Richter reveals selfish privileges that photography has bestowed on his practise; “what counts is that the pictures…become universal. They are there to show themselves and not me.”[34]. The use of the photograph sounds like a liberation for a painter, contemplating a new epoch after the condemnation of his craft. Richter valued the medium of photography so highly explaining; “It freed me from personal experience. For the first time, there was nothing to it: it was pure picture. That's why I wanted to have it, to show it – not use it as a means to painting but use painting as a means to photography”[35]. Photography is philanthropic for both the painter and also the audience. The photograph encourages and frees the artist to embrace the kind of boundless, creative exemption that Hawker referenced in the early days of the camera. But it also allows the viewer a recherché perspective for contemplation. It is on these terms that Lotz distinguishes the major dissimilarity between the two mediums but also the greatest contribution to the practice of painting.
In conclusion, with Rosemary Hawker and Christian Lotz’s analysis of Richter we can better understand the medium homogenisation of contemporary art today. We can also appreciate that the interrelationship between photography and painting is far more complicated than the modernist theorists could ever have prophesied.

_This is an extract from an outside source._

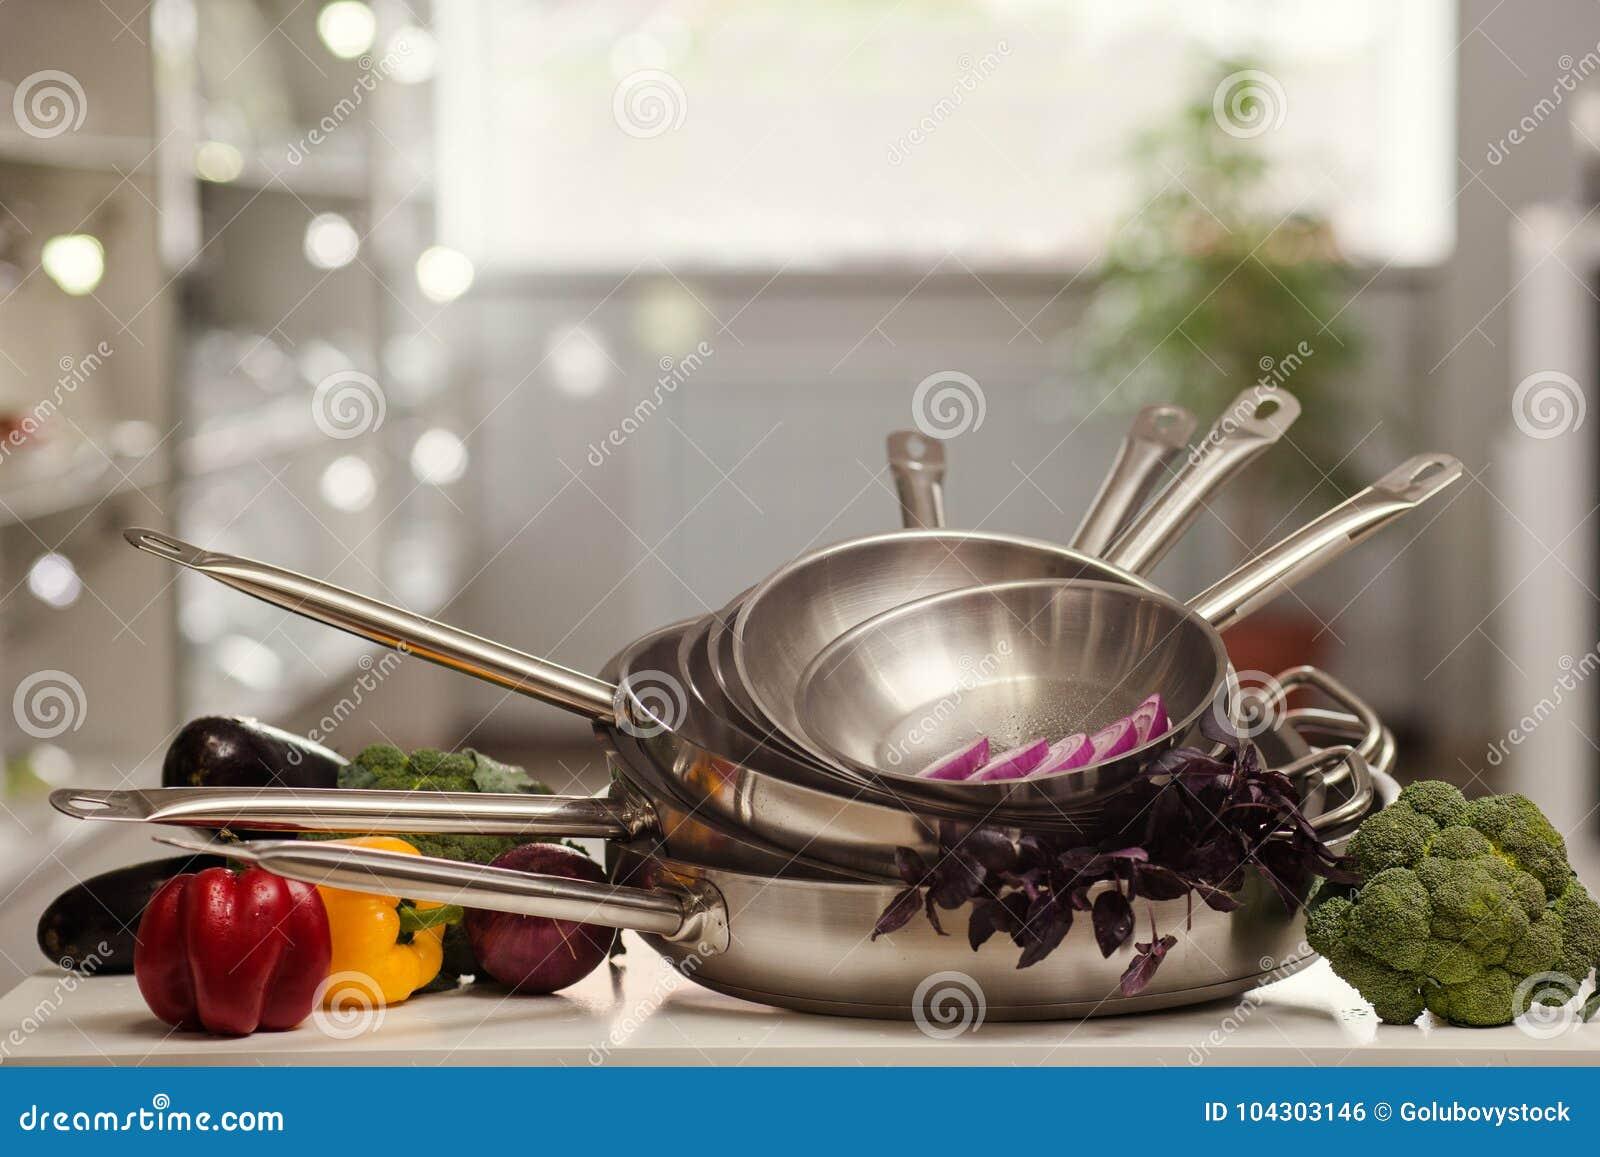 Küchengerätshop-Anzeigenkochen

Despite the decades of corruption according to Greenberg’s media law, medium idiosyncrasy remains a tectonic discussion today. The contemporary relevance of the medium specific debate can be evidenced by two major current exhibitions in Australia; ACCA’s ‘Painting, More Painting’[36] and ‘New Matter’ at the Art Gallery of New South Wales[37], dedicated to the materiality of photography and the pursuit of the non-pictorial. Hawker reminded us of the early simpatico of the photography and painting and demonstrated the function of idiom in the medium. She revealed that painting’s inability to translate; the non-telling in fact substantially informs. Christian Lotz contributes to the discussion in other ways, in contrast to Hawker he upholds the unique physicality of each medium that Greenberg held so dear. Lotz explains that a painting can never be interpreted in the same manner as a photograph. He emphasises that our response to the gestural components in paint give rise to something very different to the flatness found in photography. Through his analysis, we learn that the two mediums are not operating in solitude and we begin to understand the privileged ingress photography allows Richter’s painting. The content of Richter’s pictures, much like that of Bacon, has been forever changed by photography. Through the external exchange, painting achieves something impossible without the camera. Painting could never be the same again after photography, and in contrast to doomsday preppers of the 1960s, I would argue that painting today would never want to go back to their future.
Bibliography
American Painting: The Eighties, Grey Art Gallery, New York University, New York City, September – October, 1979.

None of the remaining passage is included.